Abu Ali was one of the commonest names of all, but when a well-read man in Bukhara, Cordova, Balkh or Baghdad, pronounced it with such a tone of familiar deference, there could be no confusion over whom they meant. It was Abu Ali Ibn Sina, renowned in the Occident under the name of Avicenna. Omar had not met him, having been born eleven years after his death, but he revered him as the undisputed master of the generation, the possessor of science, the Apostle of Reason.

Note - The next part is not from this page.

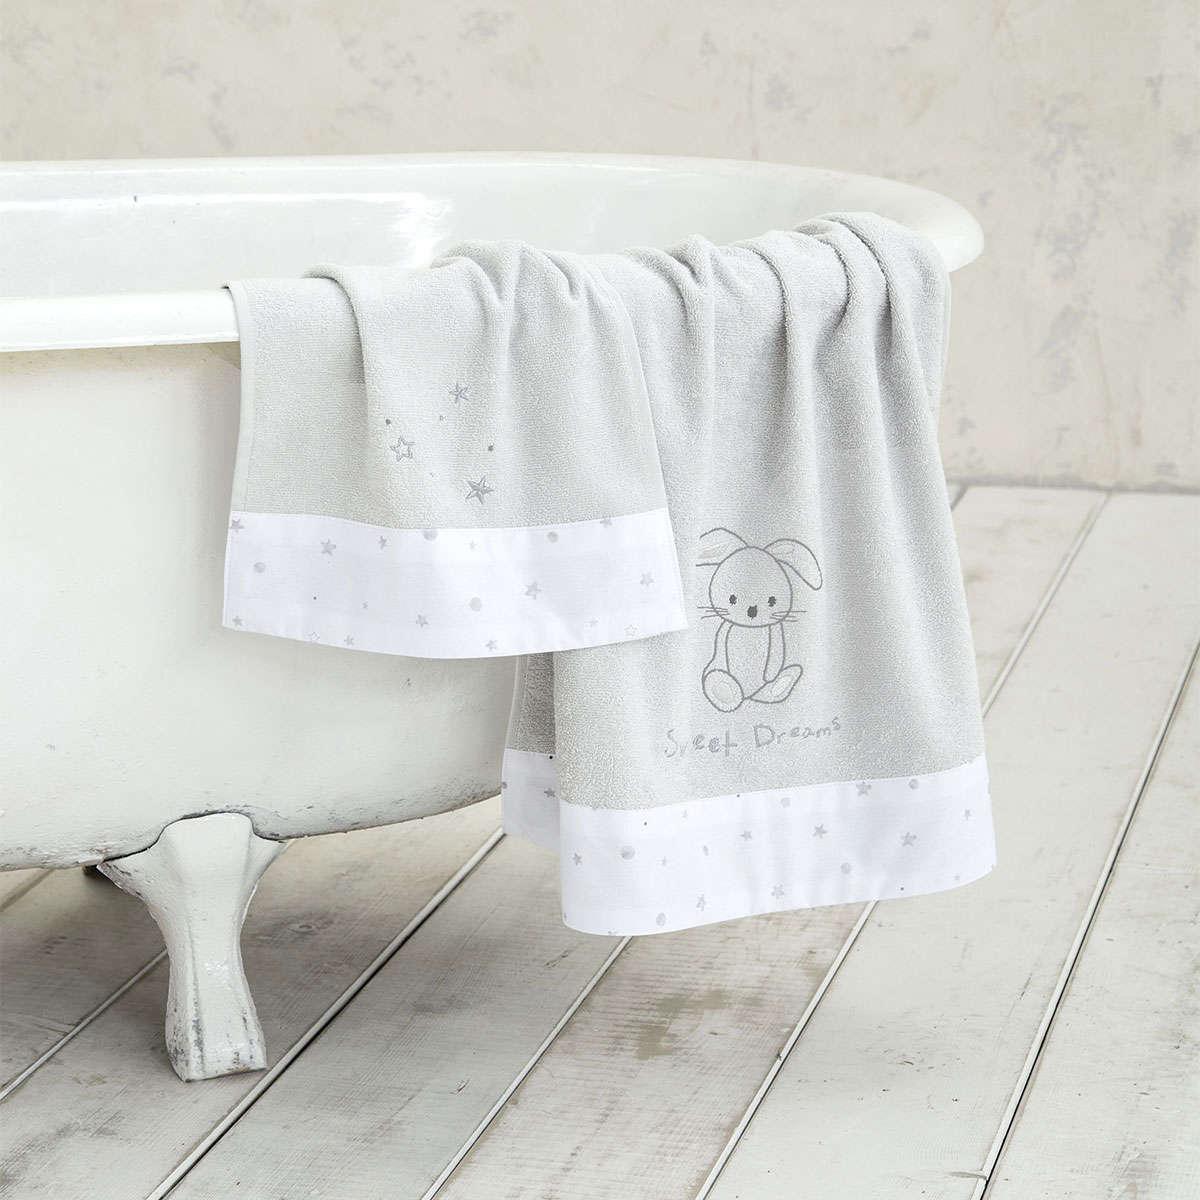 Πετσέτες Παιδικές Σετ – Baby Bunny Light Grey Nima Σετ Πετσέτες 70x140cm
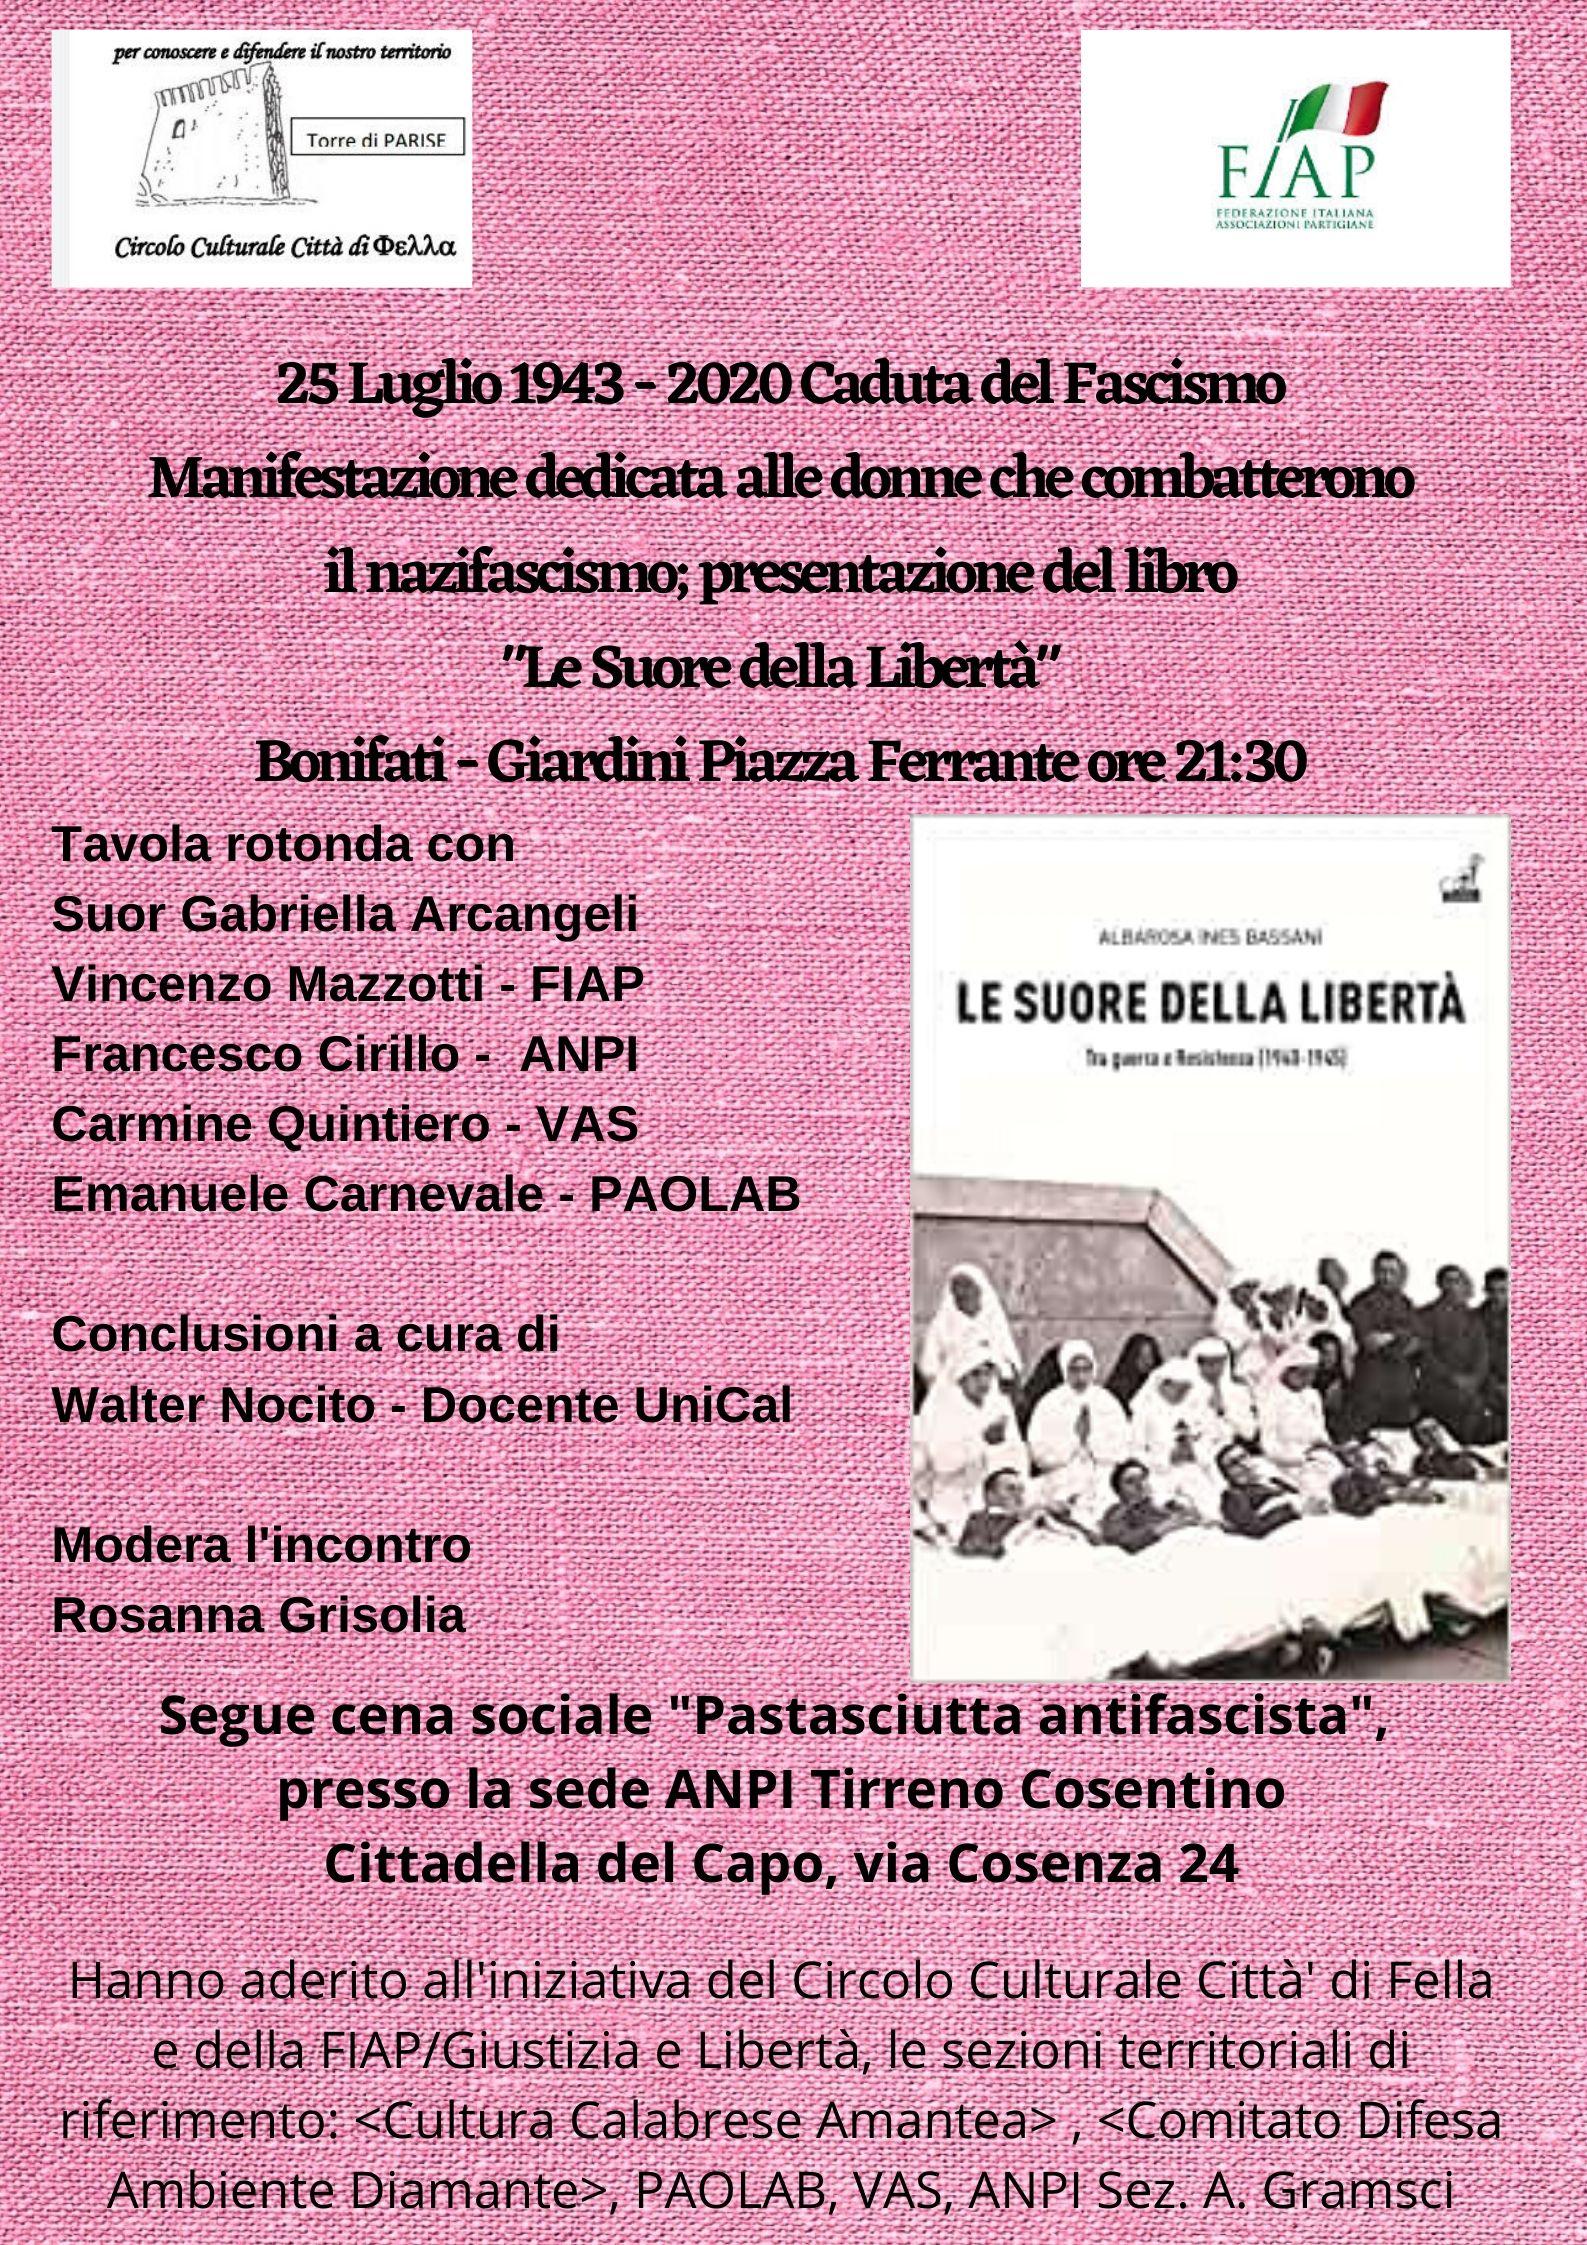 25 Luglio 1943 - 2020 Manifestazione dedicata alle donne che combatterono il nazifascismo

Khayyam muttered anew, ‘Jaber, the favourite disciple of Abu Ali!’, for, even though he was seeing him for the first time, he knew all about the pathetic and exemplary punishment which had been meted out to him. Avicenna had soon considered him as his successor in the fields of medicine and metaphysics; he had admired the power of his argument and only rebuked him for expounding his ideas in a manner which was slightly too haughty and blunt. This won Jaber several terms in prison and three public beatings, the last having taken place in the Great Square of Samarkand when he was given one hundred and fifty lashes in front of all his family. He never recovered from that humiliation. At what moment had he teetered over the edge into madness? Doubtless upon the death of his wife. He could be seen staggering about in rags and tatters, yelling out and ranting irreverently. Hot on his trail would follow packs of kids, clapping their hands and throwing sharp stones at him until he ended up in tears.
As he watched this scene, Omar could not help thinking, ‘If I am not careful, I could well end up a wretch like that.’ It was not so much that he feared drunkenness for he and wine had learnt to respect each other, and the one would never lay the other low. What he feared was the idea that the mob could break down his wall of respectability. He felt overly menaced by the spectacle of this fallen man and wanted to distance himself from it. He knew however that he could not just abandon a companion of Avicenna to the crowd. He took three solemn steps, and struck a detached pose as he spoke firmly and with regal gesture.
‘Leave the poor man alone.’
The gang leader who had been bent over Jaber came and planted himself upright in front of the intruder. A deep scar ran across his beard, from his right ear to the tip of his chin, and it was this puckered profile that he thrust towards Omar, as he uttered in judgement, ‘This man is a drunkard, an infidel.’ Then he hissed out the last word like a curse, ‘a failasuf!’